Jack Bush, “Blue Studio” (1968), acrylic on canvas, gift of Lewis P. Cabot in honor of Charles W. Millard III, (photograph © Museum of Fine Arts, Boston)

“Blue Studio,” an acrylic painting from 1968, is one of a handful of “fringe” pieces painted that year that feature bands of color stacked more or less evenly along the right edge of the canvas, with the remaining three-quarters or so of the canvas painted a single hue, here a mild blue. In this iteration, the painting resembles a reverse flag. Bush left part of the canvas, in the lower right-hand corner, unpainted, and the fringe stripes to the right are not evenly rectangular and vary in size. These irregularities imbue the image with energy, and a sense of engaging imperfection.

Jack Bush, “Down and Across” (1974), acrylic on canvas, gift of Susan K. and Lewis P. Cabot (photograph © Museum of Fine Arts, Boston)
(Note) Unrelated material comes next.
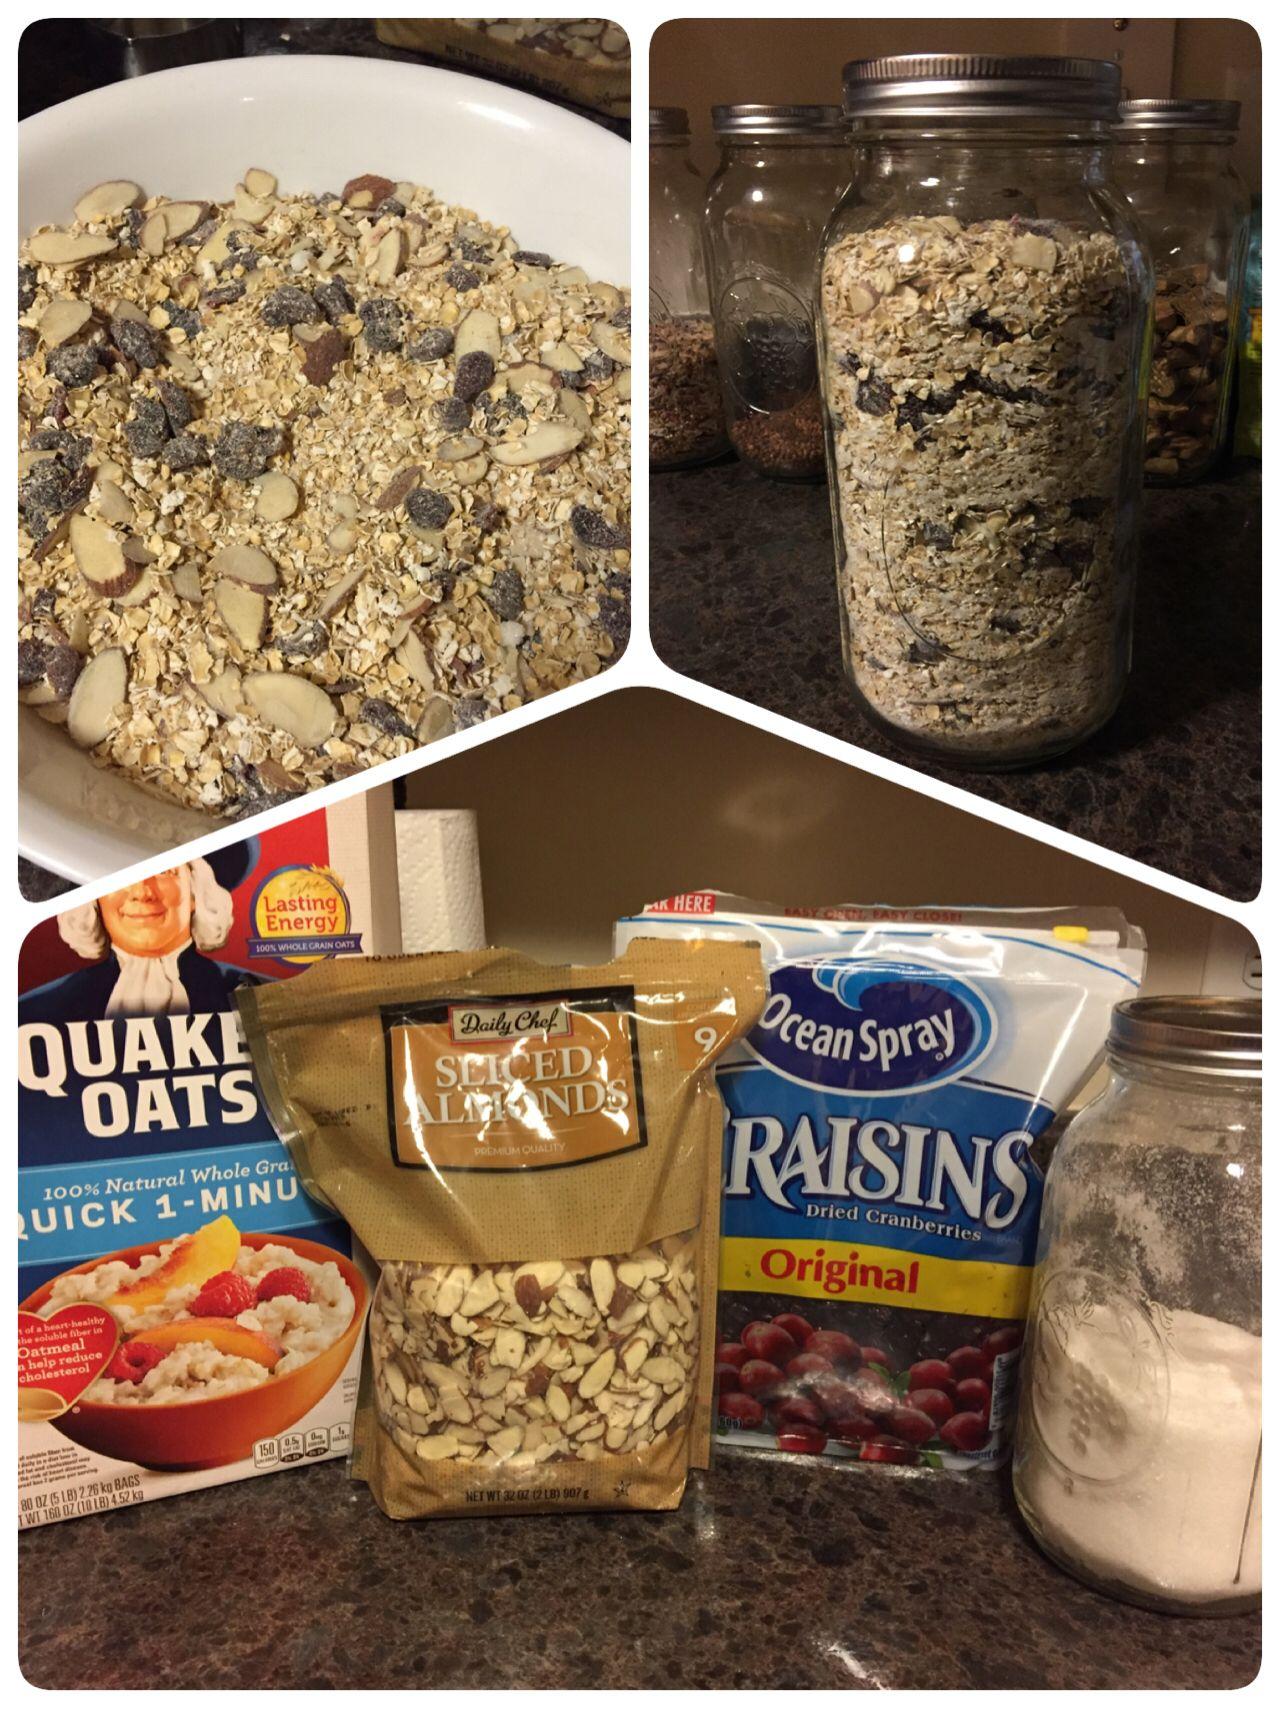 Homemade 1 minute oatmeal 4c quaker oats quick 1 min 1
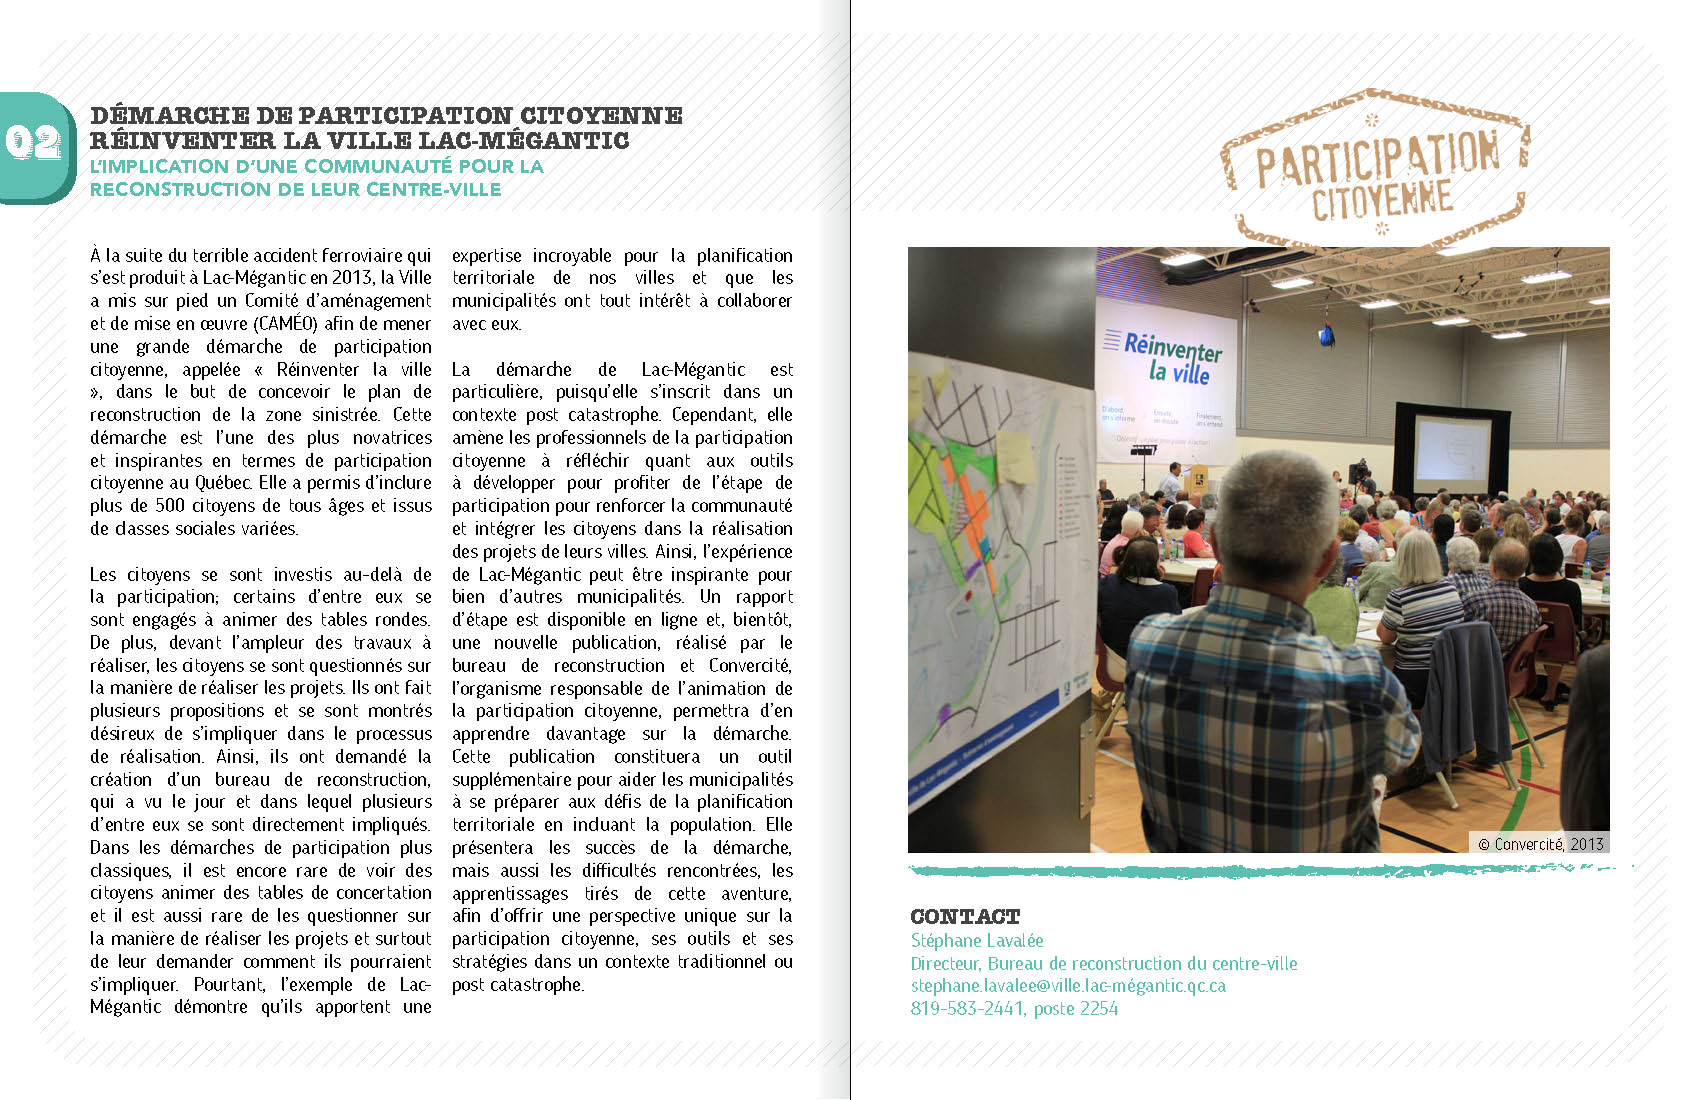 pr15-12_RRU_passeport_FINALv2_Page_05.jpg

“Down and Across” (1974) is the most visually compelling of three pieces on display at the MFA. Two elongated color patch strips intersect at one end to form an open straight-razor- or scissors-like shape set against a mottled blue ground. The title describes the two main elements in the painting, one vertical, the other horizontal, but the piece is more lyric and enlivened, reminiscent of color field painting. The shapes have motion, like pieces of driftwood floating in water.

“Radiant” doesn’t seem quite right to describe the trio of paintings, two of which are recent acquisitions. They contain plenty of light, and the colors are vibrant, even somewhat exuberant, but they are slightly removed from, say, the radiance of Kenneth Noland or the luminosity of Rothko. More than color-field eye candy, they hold their own as engaging abstracts.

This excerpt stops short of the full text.